The perturbations in our protocol may not have been enough to trigger the stretch reflex threshold of the extensor muscles, which are more difficult to trigger [25]. This could have contributed to a lower repeatability in Reflexive parameters Rlt (extensor) and Rta (extensor), and a larger SDD than expected for Rkv. Other contributing factors may be found in a low signal to noise ratio, i.e. absence of inappropriate muscle activity in healthy volunteers and in chronic stroke patients with mAS = 0. Furthermore, variability in Reflexive parameters is known to be present in both healthy volunteers and chronic patients [26-29], even in optimal circumstances. Stretch reflex behavior is more variable than passive tissue properties and voluntary muscle properties [29-31]. Apart from day-to-day variability in stretch reflex behavior [27,29], there is also variability due to level of arousal, audiovisual stimuli and other environmental factors [32,33], as well as conscious down- or up-regulation [34]. These methodological considerations, combined with the unequal variances in subgroups, might account for heteroscedasticity, especially in Rta flexor and Rlt extensor. SEM and SDD for these values should be interpreted bearing in mind that SDD and SEM might be smaller towards the minimum of the parameter and might be larger towards the maximum of both parameters.

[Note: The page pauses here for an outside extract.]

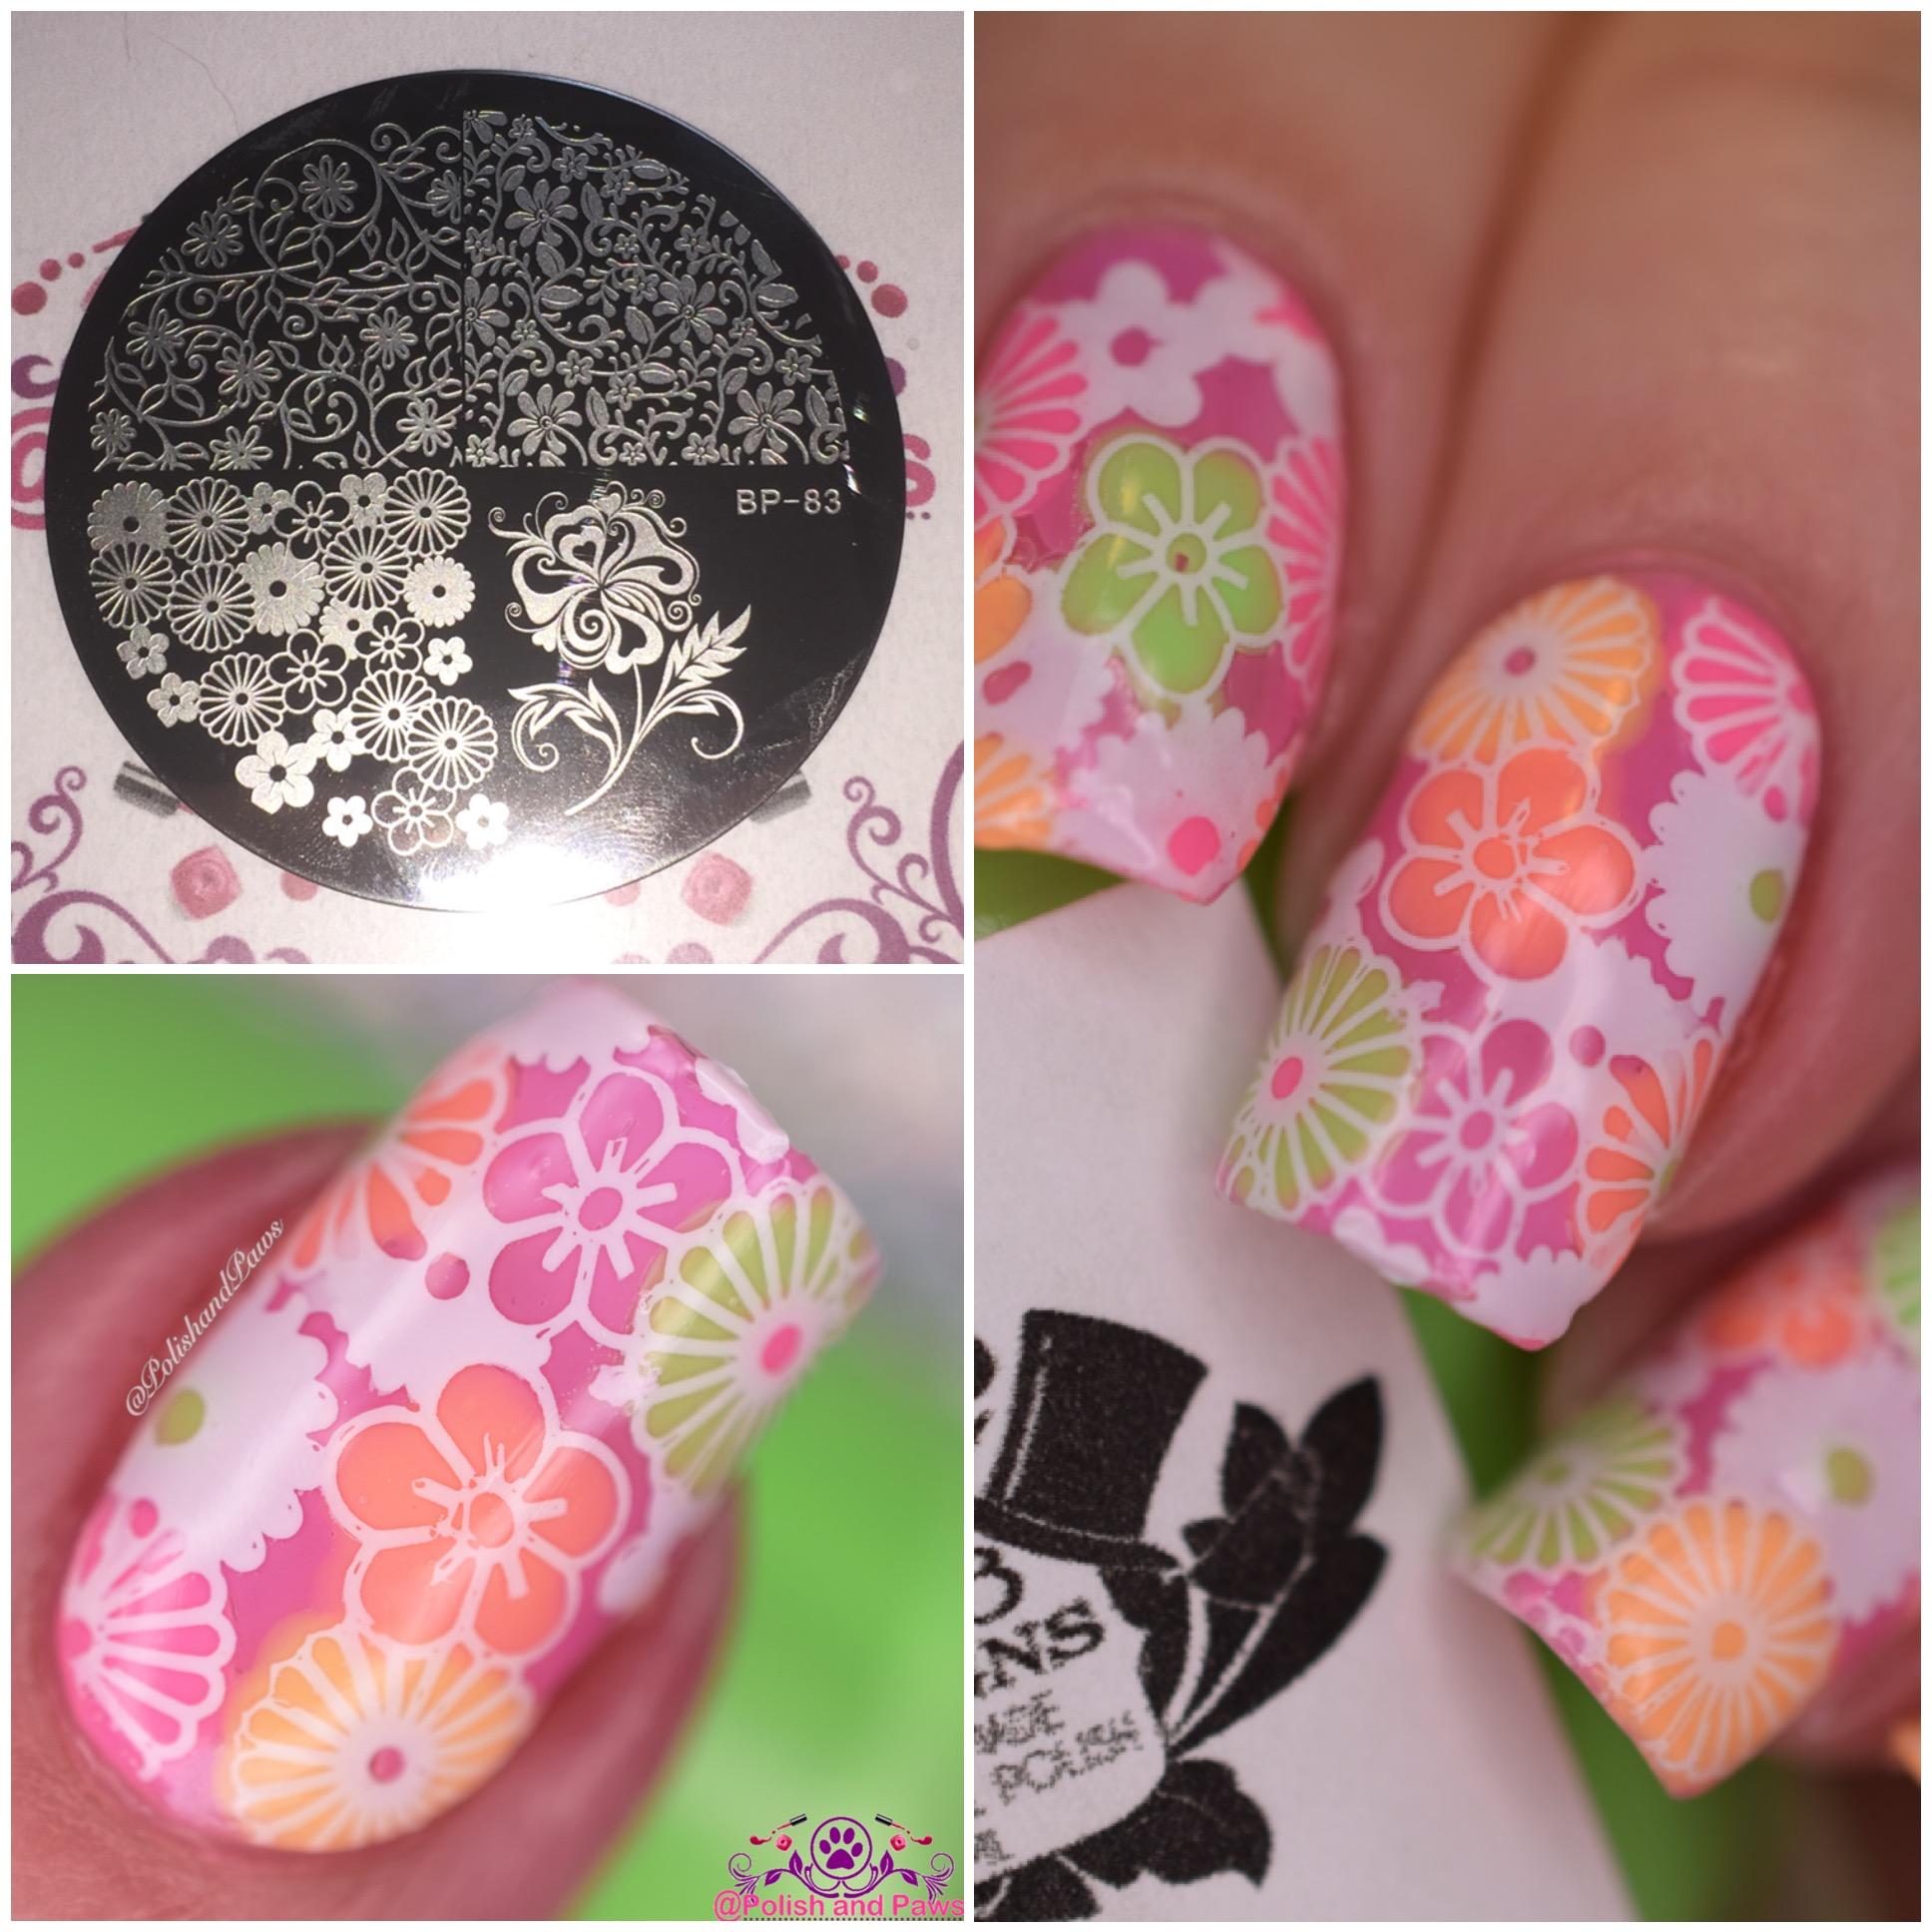 Geometric Reverse Stamping Nail Art Born Pretty Review: Nail Art ~ Born Pretty Store BP-83

Although sufficient for the aim of this study, group sizes were small. Current subdivision of clinical phenotypes according to mAS is a fairly rough approximation of clinical status and more participants may be needed for a more elaborate post-hoc analysis. The adopted cohort approach is an estimation of group heterogeneity. The neuromechanical assessment protocol aimed to identify passive, active and reflexive contributors to movement disorder by differences in task and measurement conditions. For example: the protocol was designed to minimize the effects of active and reflexive (neural) contributors during passive (non-neural) tasks and vice versa. However, this might not yet give a completely true reflection of neuromechanical behavior, as system behavior under active task conditions involves a combination of both neural and non-neural contributors. The same goes for passive conditions, where neural components may be present through increased baseline activation [13]. Further development of System Identification and Parameter Estimation techniques might help to zoom in even closer on the specific contributors to neuromechanical behavior.

Implications for future work

One of the objectives of the EXPLICIT-stroke project [35] will be to combine the neuromechanical approach with extensive clinimetric data. Simultaneously, in this project, longitudinal measurements will be used to provide information on the changes in paresis, the development of secondary biomechanical changes and the increase of inappropriate muscle activity over time. This should provide the necessary data to enhance description of clinical phenotypes by clustering of neuromechanical parameters, and, moreover, to predict functional outcome.

Conclusions

Passive, Active and Reflexive parameters, representing passive tissue properties, voluntary muscle function and stretch reflex behavior respectively, can be measured in a reliable way. The comprehensive neuromechanical assessment protocol is responsive to clinical status and fulfills the requirements to separately assess non-neural and neural contributors to movement disorder around the wrist after stroke, using biomechanical, electromyographical and system identification techniques [7-10,12]. Therefore, this protocol gives momentum to future work on connecting pathophysiology to functional outcome, which will enable clinicians to substantiate their treatment.